Background

Non-bacterial thrombotic endocarditis (NBTE), also known as marantic endocarditis or Libman–Sacks endocarditis, is a rare condition affecting individuals with malignant diseases, connective tissue disorders, hypercoagulopathy states, severe burns, and other chronic conditions [1, 2]. The prevalence of the disease is largely unknown, varying between 0.9 and 1.6% in autopsy series [2], and affecting almost 4% of all cancer patients [3]. Concerning the latter, it may be associated with various tumors as well as hematologic malignancies [2, 4, 5]. The aortic and mitral valves are most commonly affected. Although not so common, marantic endocarditis in prosthetic valves has also been documented, affecting the leaflets in a bioprosthesis, or the sewing ring in a mechanical heart valve [2, 6,7,8].

The condition is hallmarked by systemic embolization of aseptic, friable vegetations which are histologically unique consisting of fibrin, thrombi, and immune complex deposits [2, 5, 9]. In addition, most cases of marantic endocarditis reflect an advanced stage of cancer burden [4]. Herein, we present a case of a male patient diagnosed with marantic endocarditis and embolic phenomena due to occult lung adenocarcinoma, using the PET-scan.

This case report was prepared following the CARE guidelines [10].

Case presentation

A 60-year-old, hypertensive, heavy smoker, male presented in the emergency department (ER) with chest discomfort, bloody sputum, mild fever, and a swollen right lower limb. Α duplex scan of the limb performed initially was positive for deep vein thrombosis. Further work-up with ventilation–perfusion lung scintigraphy (VQ) confirmed the diagnosis of pulmonary embolism. As a result, the patient was treated with an anticoagulation regimen, with gradual symptom remission. Furthermore, a chest computed tomography (CT) scan was carried out, revealing a 15-mm nodule at the lingula and a few mildly swollen para-aortic lymph nodes. The transthoracic echocardiography (TTE) performed at that time only showed a mild aortic insufficiency. Therefore, the patient was discharged home with instructions to perform a new scan for follow-up of the lung nodule and an upper and lower gastrointestinal endoscopy, as well as to undertake a thrombophilia test.

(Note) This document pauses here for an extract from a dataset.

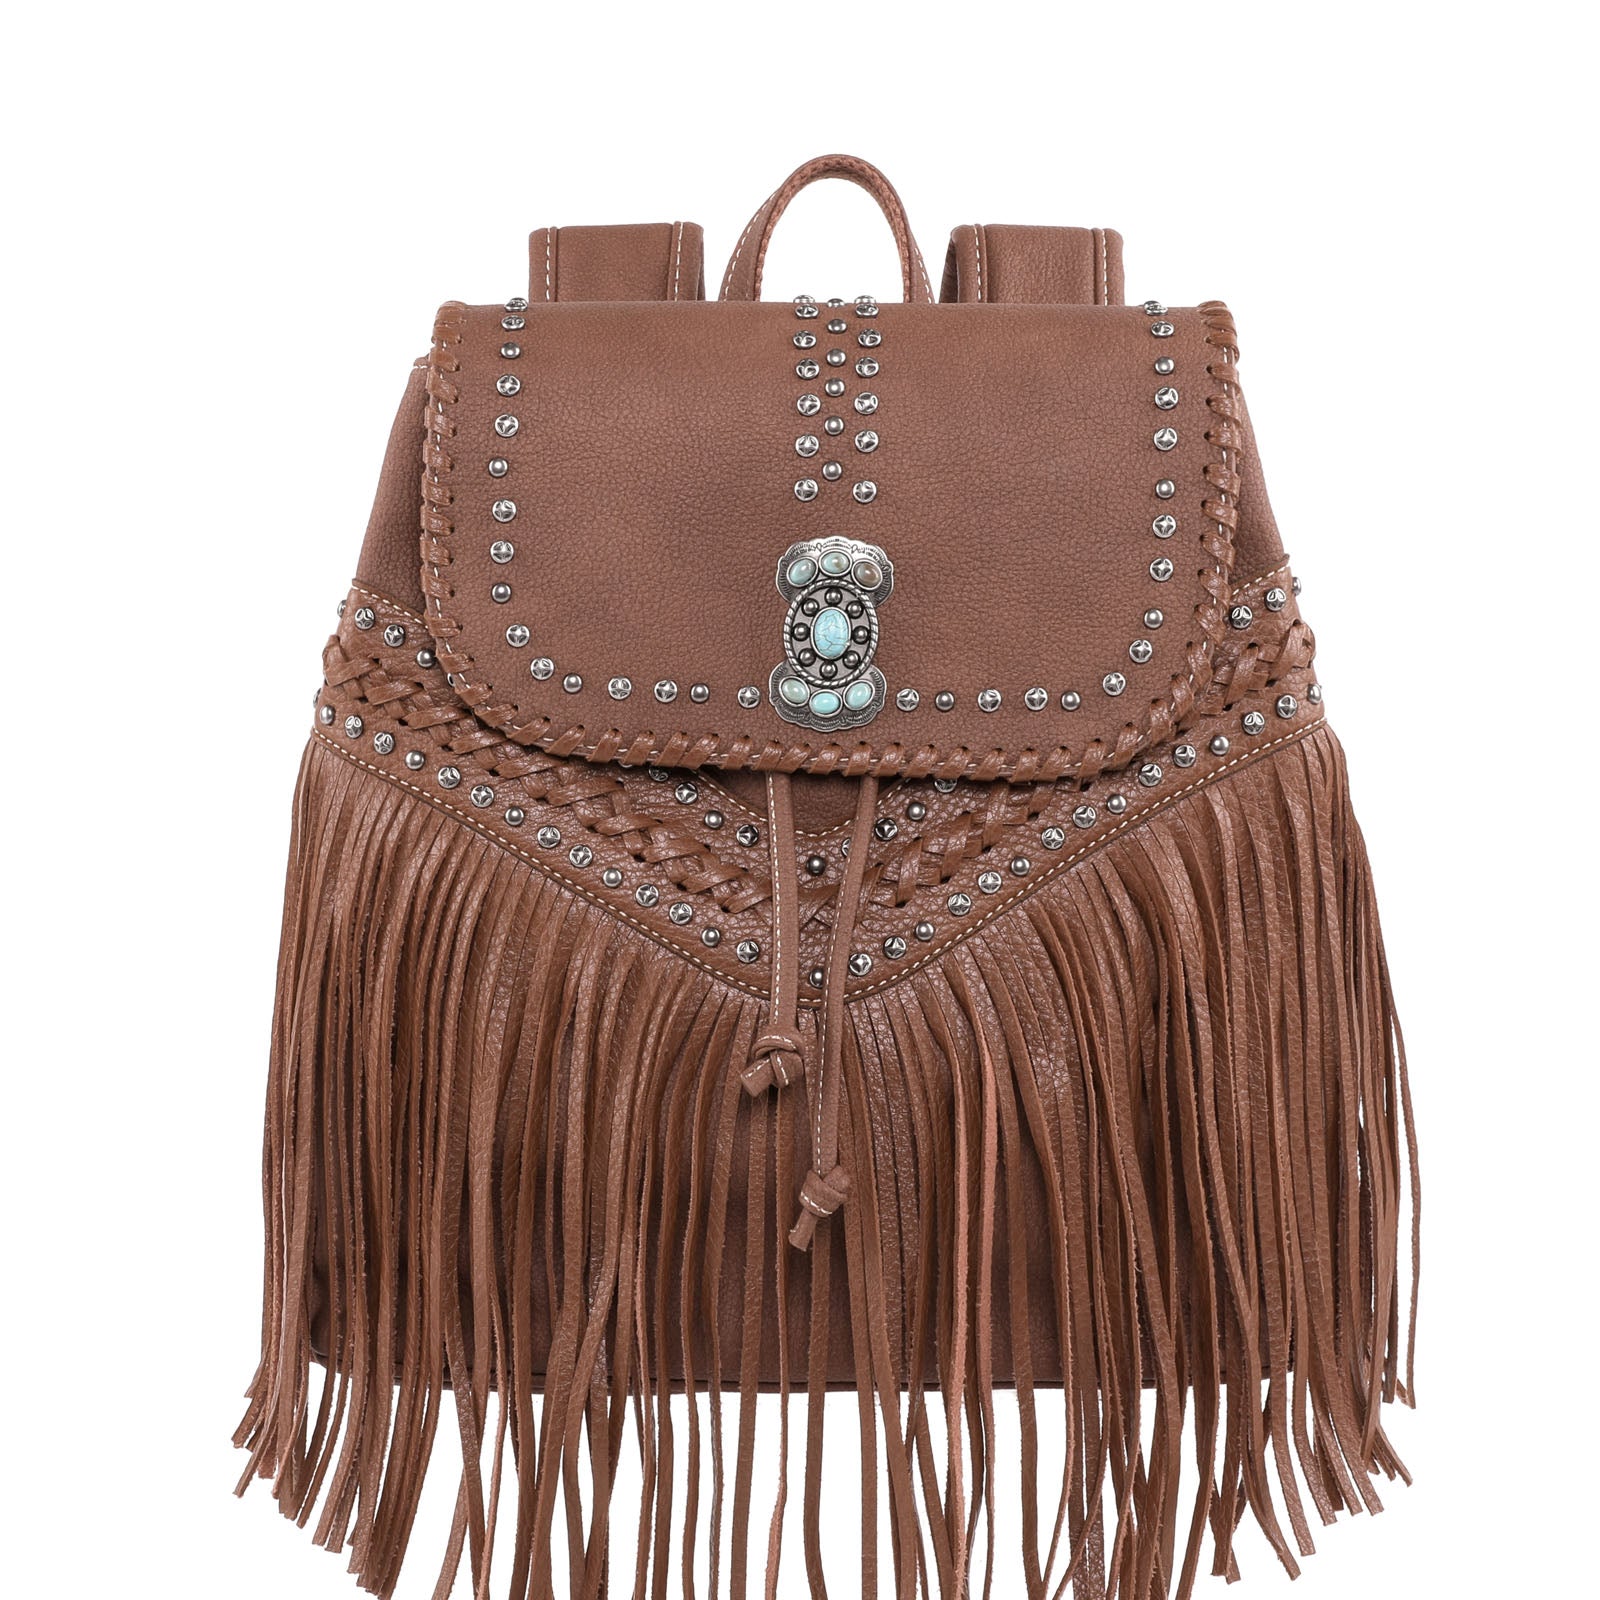 Montana West Fringe Collection Backpack - Cowgirl Wear

A month later, he presented again in the emergency department, with general weakness and gait instability. A brain CT scan revealed a recent left temporoparietal infarct. High values of hs-Troponin-I and inflammatory markers were also noted in his laboratory tests. Another TTE was performed, and a perforated coronary cusp was noted, thus suggesting the diagnosis of endocarditis. The finding was further confirmed with transesophageal echocardiography (TEE). The coronary angiogram showed marginal lesions in the right coronary artery.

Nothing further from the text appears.